Ölüm oruçları içimde vicdanî bir yara olarak durur. Çünkü bir yandan ölüme yatanlara büyük saygı, kendi çaresizliğimden utanç duyarım, öte yandan ister devlet, ister örgüt iktidarı olsun, muktedirlerin insan yaşamına değer vermediklerini, ölümleri kendi hedeflerine giden yolda “fire” saydıklarını, araçsallaştırdıklarını iyi bilirim. Bu yüzden insan yaşamına, canlıya zarar verecek hiçbir eylemi kutsayamam, ölüm oruçlarını teşvik edemem. Murat Sevinç, yaşadığım bu yıpratıcı ikilemi, Diken’deki 5 Mayıs tarihli “Adaletsizliklere karşı yaşamı sahiplenmek” yazısında o kadar mükemmel anlattı ki, fazla söze ihtiyaç yok.

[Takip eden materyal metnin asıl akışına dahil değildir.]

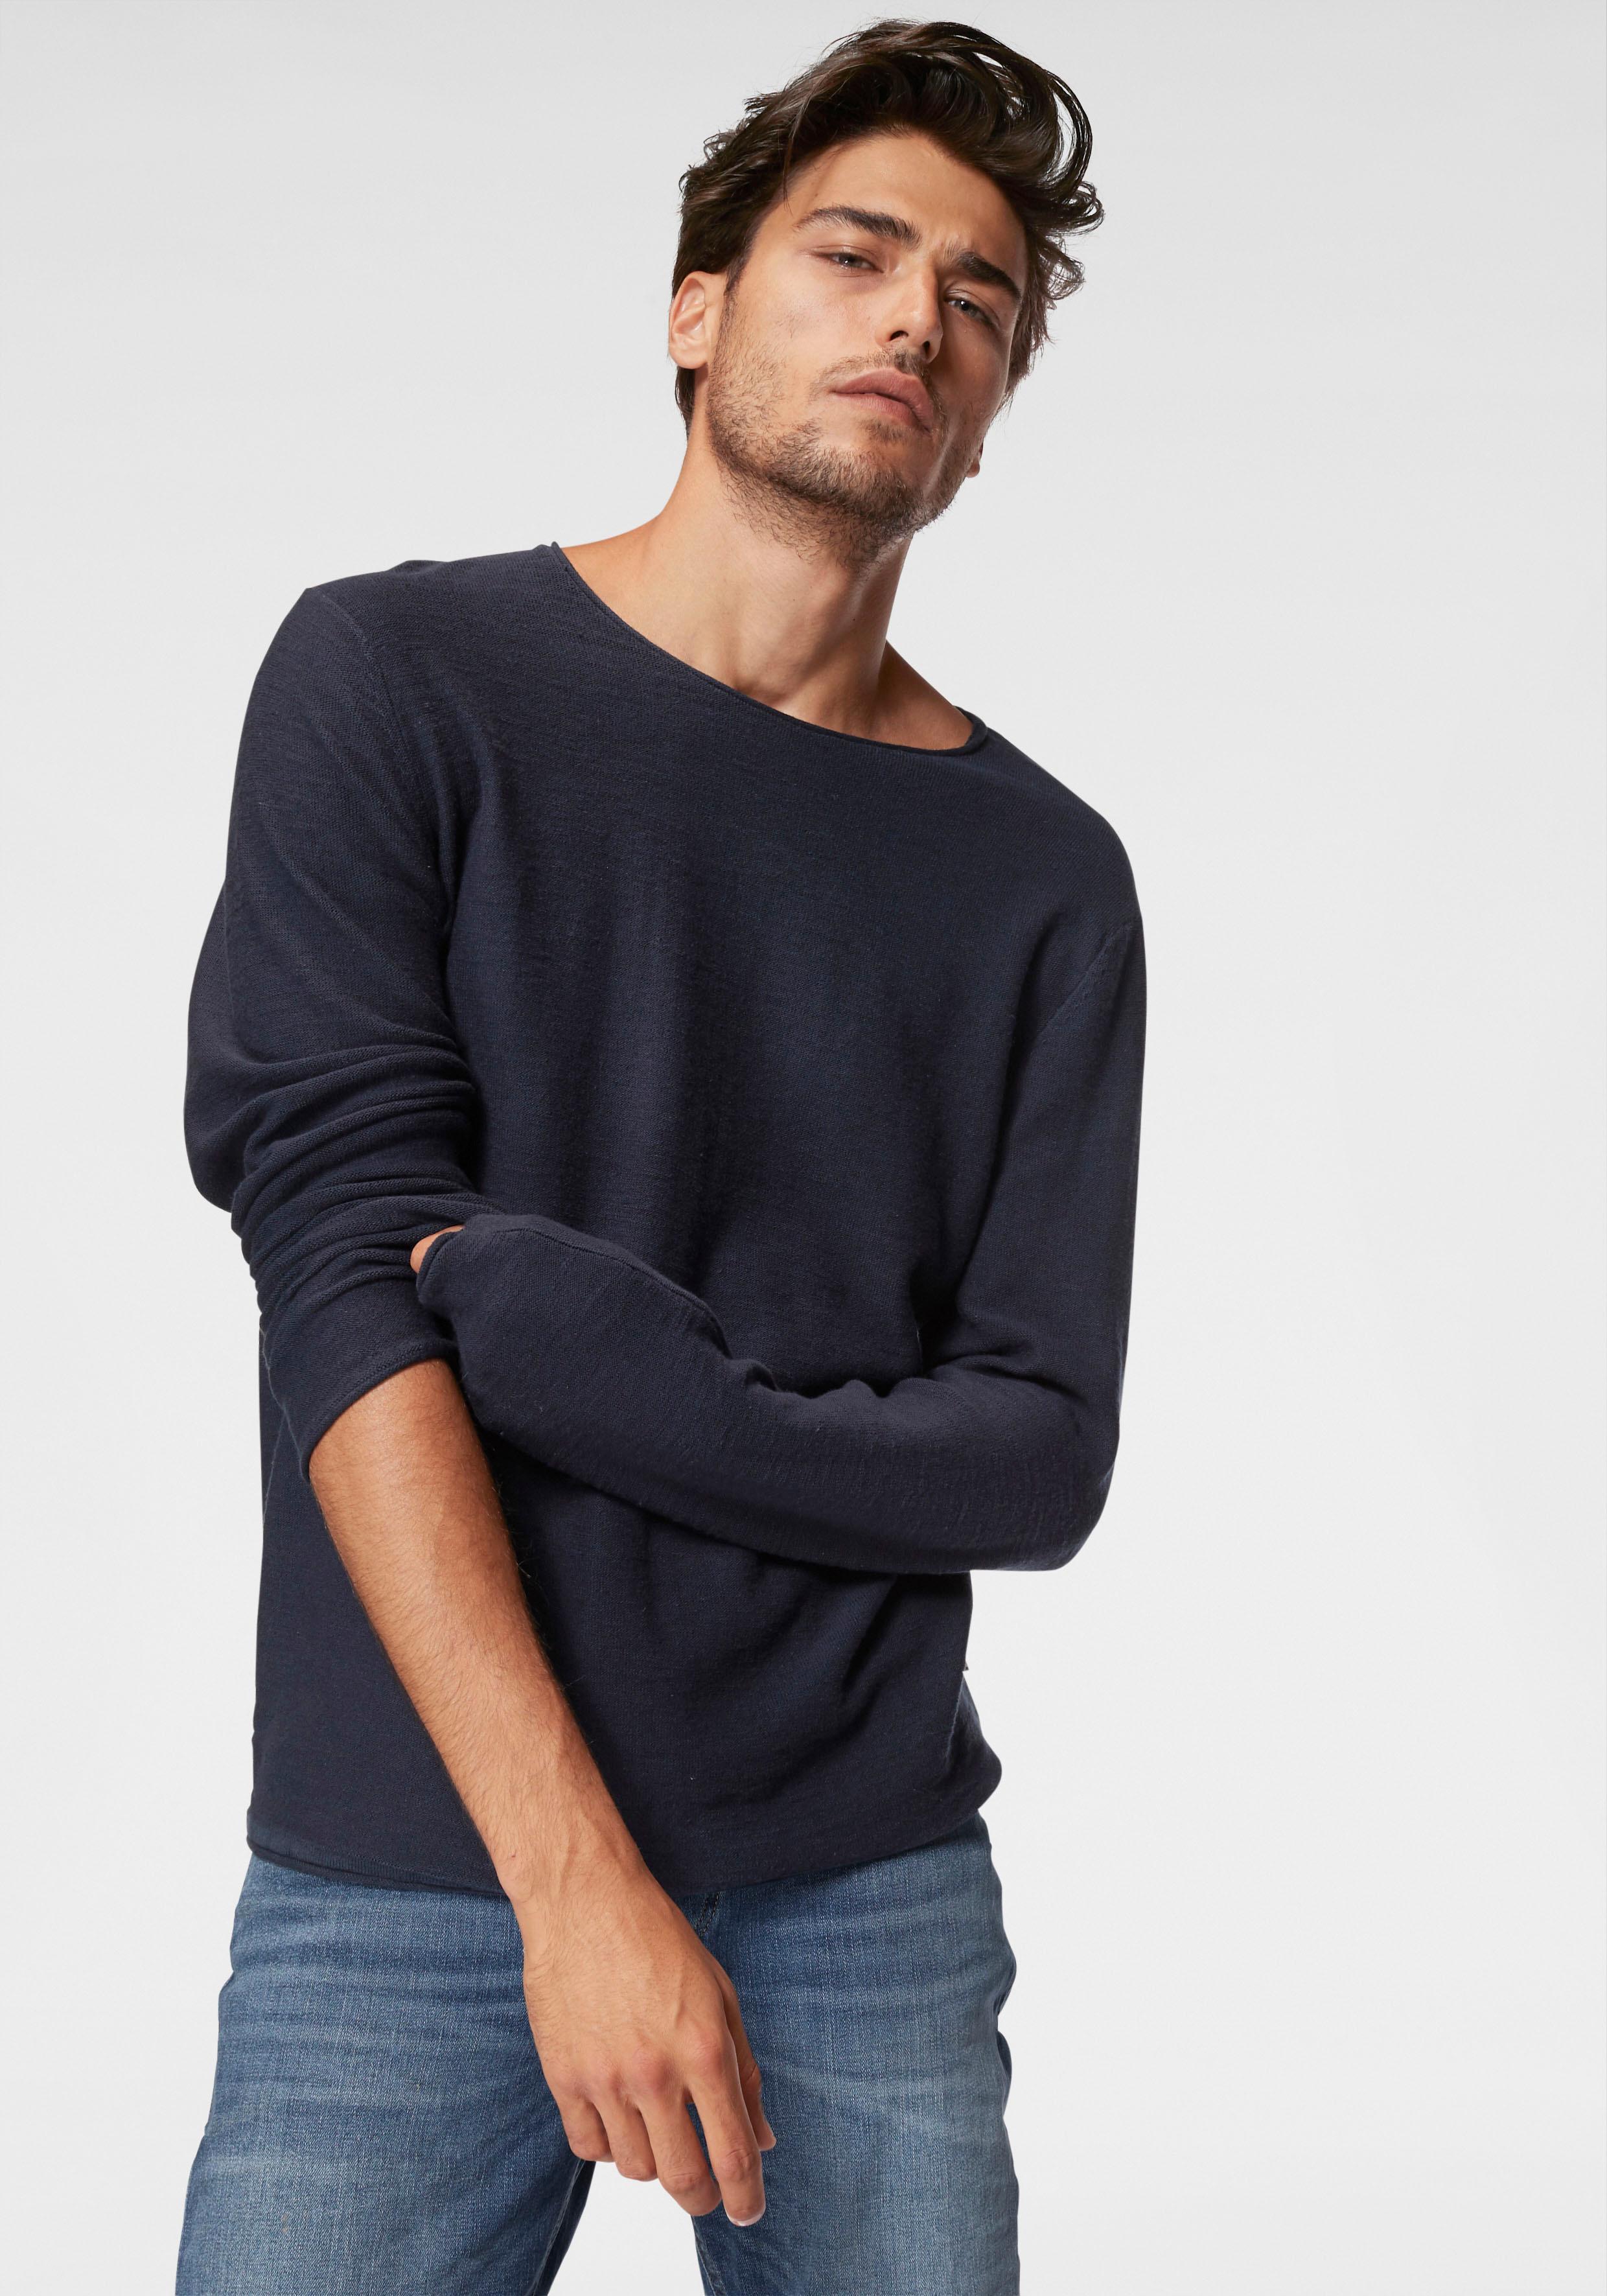 Jack & Jones Rundhalspullover SLUB KNIT CREW NECK   Bekleidung > Pullover > Rundhalspullover   Blau   jack & jones

Yaşıma verin, içimdeki acıya, küçücük de olsa bir ışık, bir umut görme ihtiyacıma verin size seslenme cesaretimi: Size yalvarıyorum çocuklar, ölmeyin! Duyarsızlık cinayetine ortak olmamıza izin vermeyin.  Adaletsizliklere, mağduriyetlere karşı kendimizi tüketerek değil, birleşerek, birbirimizden güç alarak, yaşama birlikte sahip çıkarak mücadele edelim. Ölüme göz kırpan kararlılığınız ve cesaretinizle bize güç verin. Birlikte bu karanlığı, çürümeyi, kötücülleşmeyi, vicdan aşınmasını yenelim.

Ölümden hayat doğmaz, ölümden umut doğmaz; hele de bu topraklarda hiç! Eyleminiz amacına ulaştı. Yaşatmak için, umutlar filizlendirmek için, bizleri çaresizlikten doğan utancımızla baş başa bırakmamak için, yaşama tutunun ki bizler de size tutunabilelim.